**What is expected**:
Among the entries below, only the lines from the one with "Teppich Sorbe Lolipop" through the one with "séance photo photographe" are wanted, reproduced exactly. Pictures are not wanted.

**Provided records**:
----------------------------------------

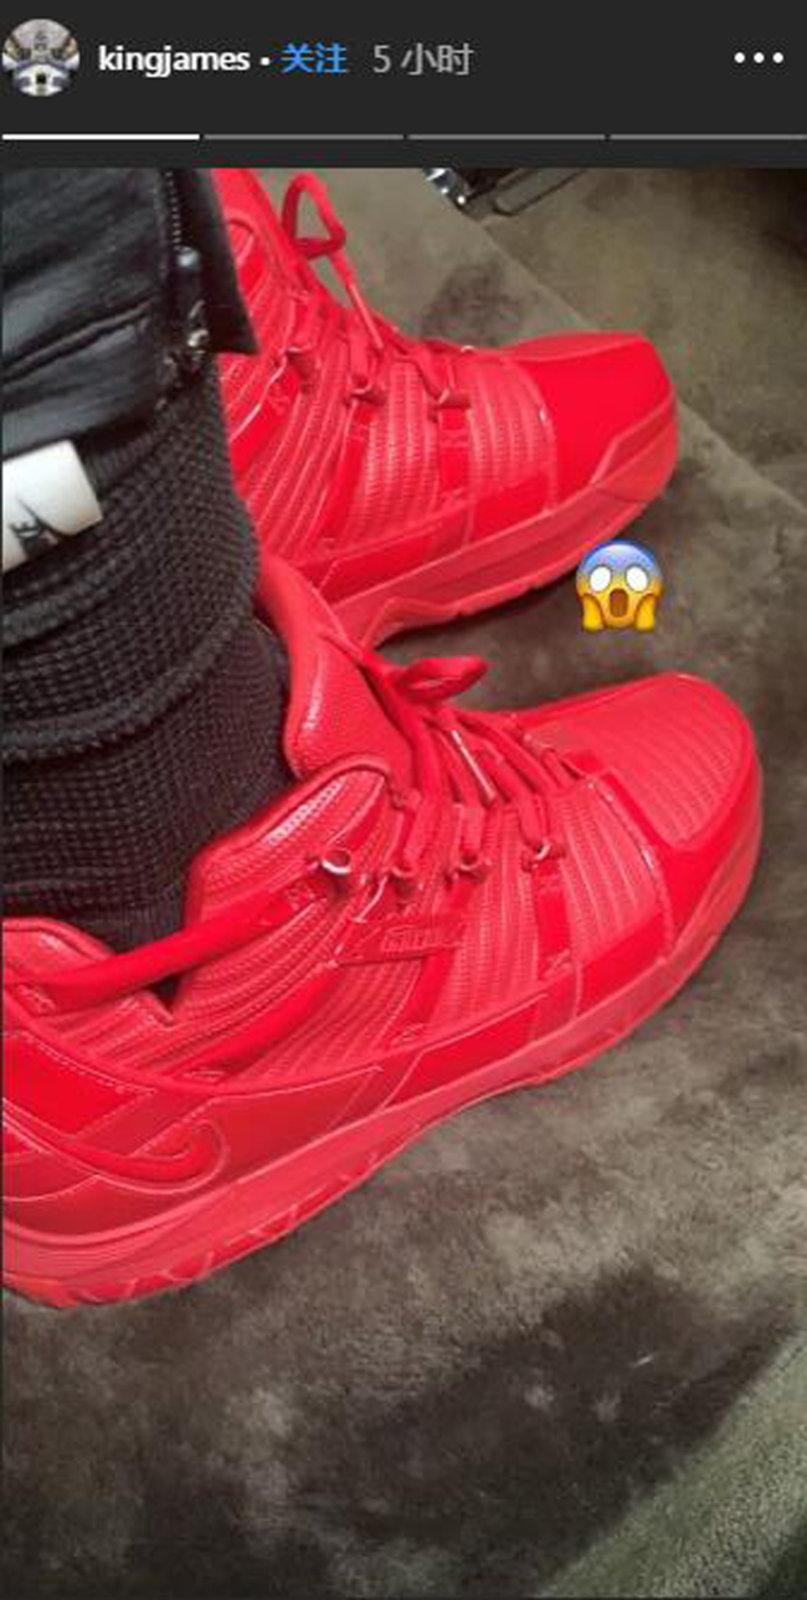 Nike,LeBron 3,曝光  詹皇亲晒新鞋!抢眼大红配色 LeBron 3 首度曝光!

----------------------------------------

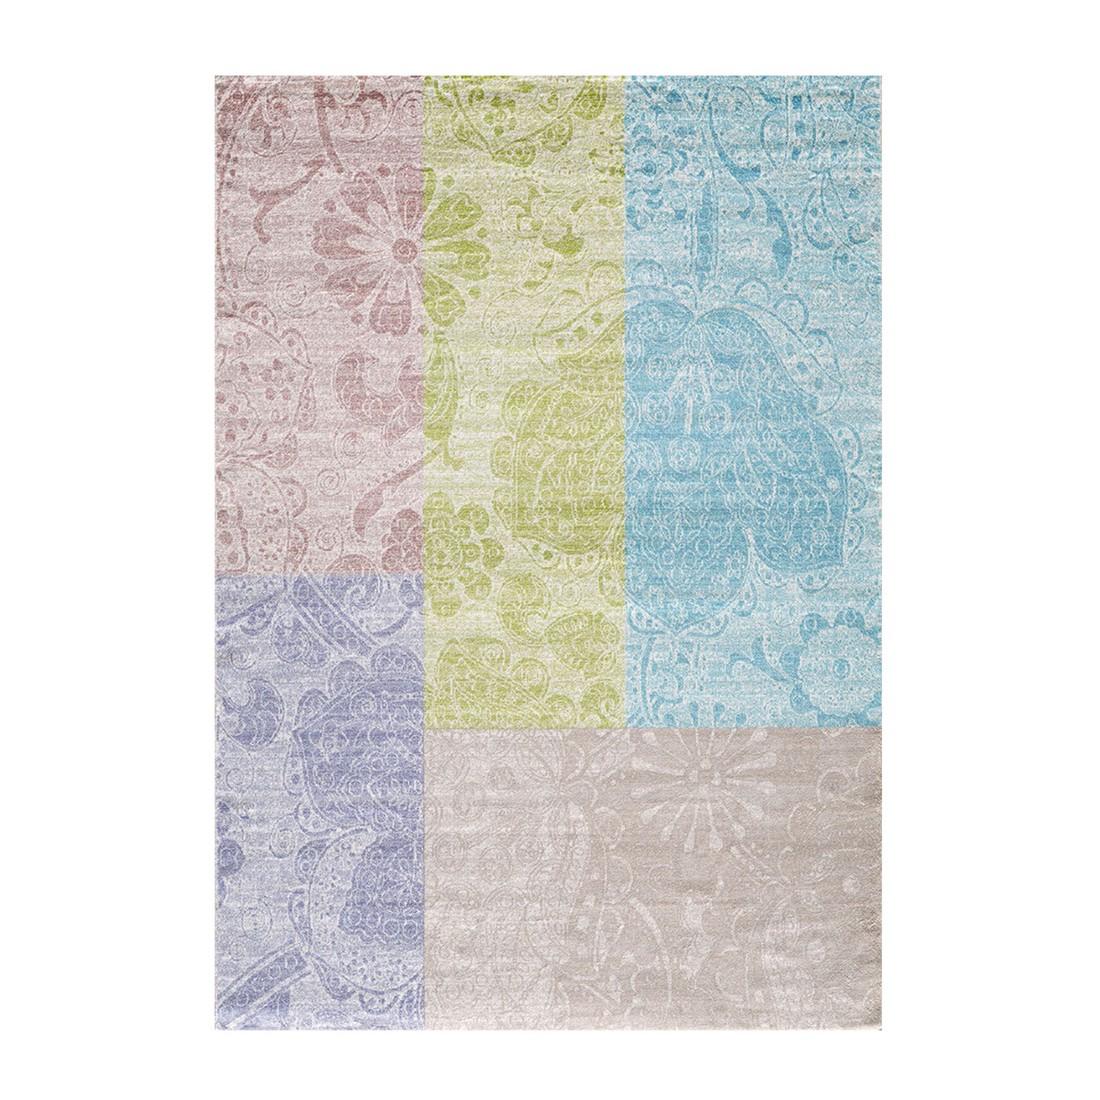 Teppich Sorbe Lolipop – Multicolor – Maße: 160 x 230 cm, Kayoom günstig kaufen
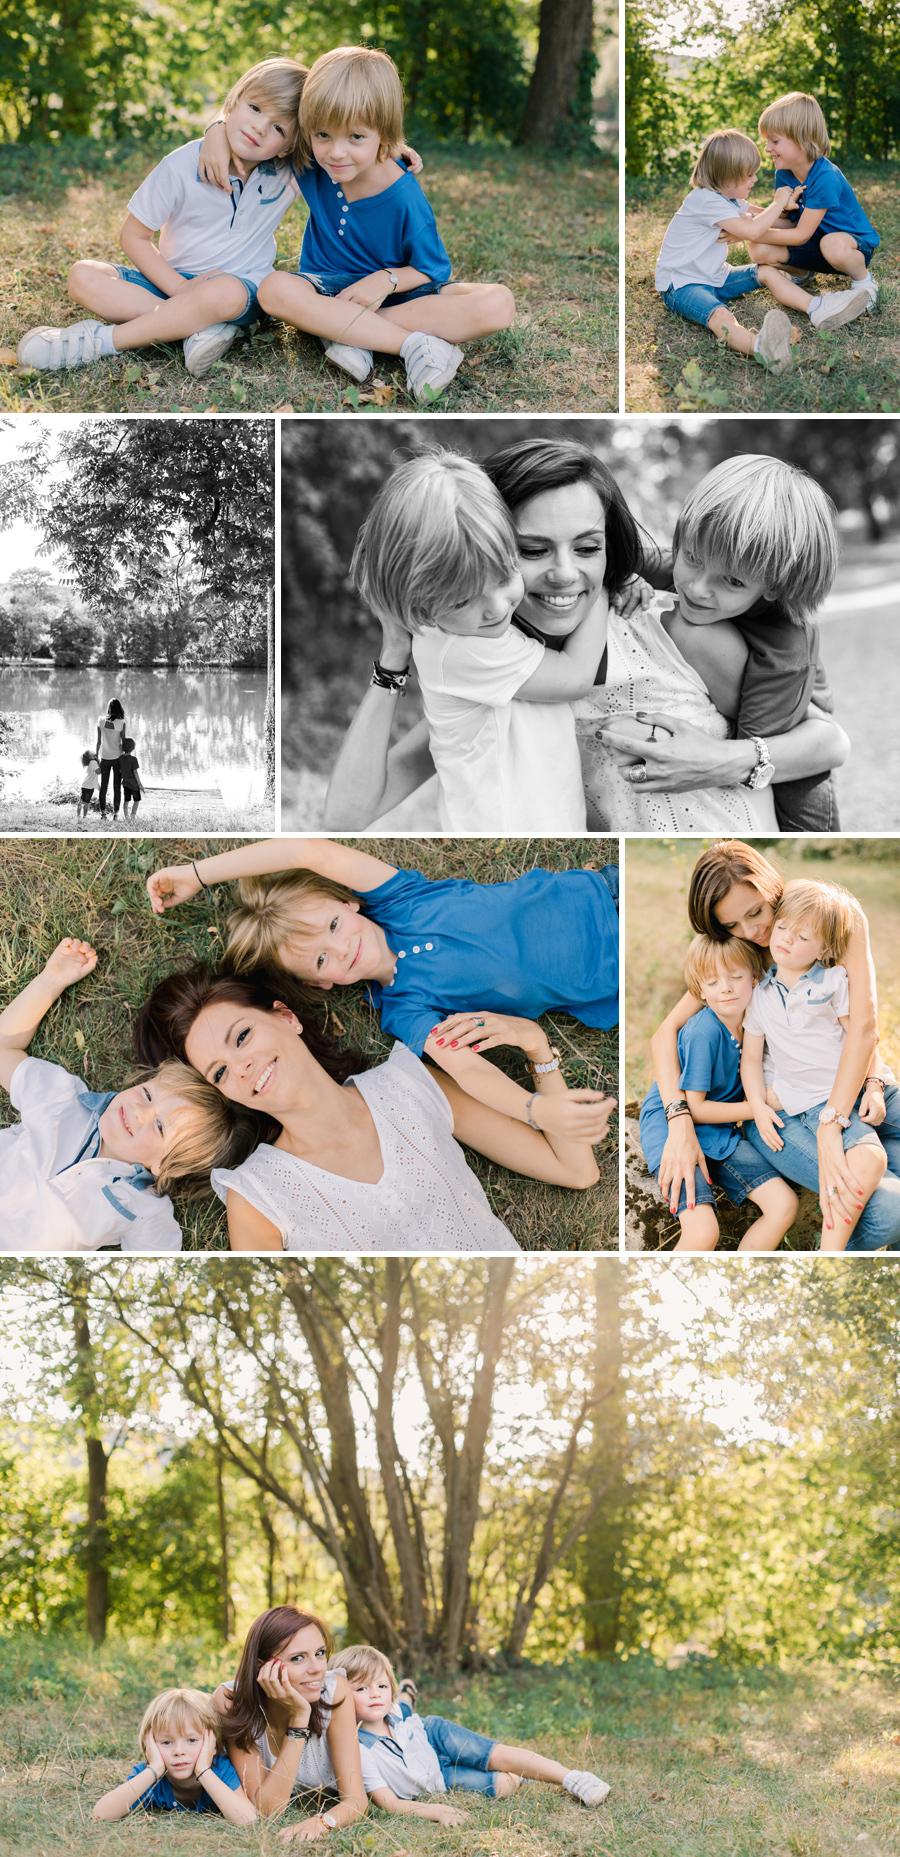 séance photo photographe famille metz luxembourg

----------------------------------------

**Completed task**:
 Teppich Sorbe Lolipop – Multicolor – Maße: 160 x 230 cm, Kayoom günstig kaufen
 séance photo photographe famille metz luxembourg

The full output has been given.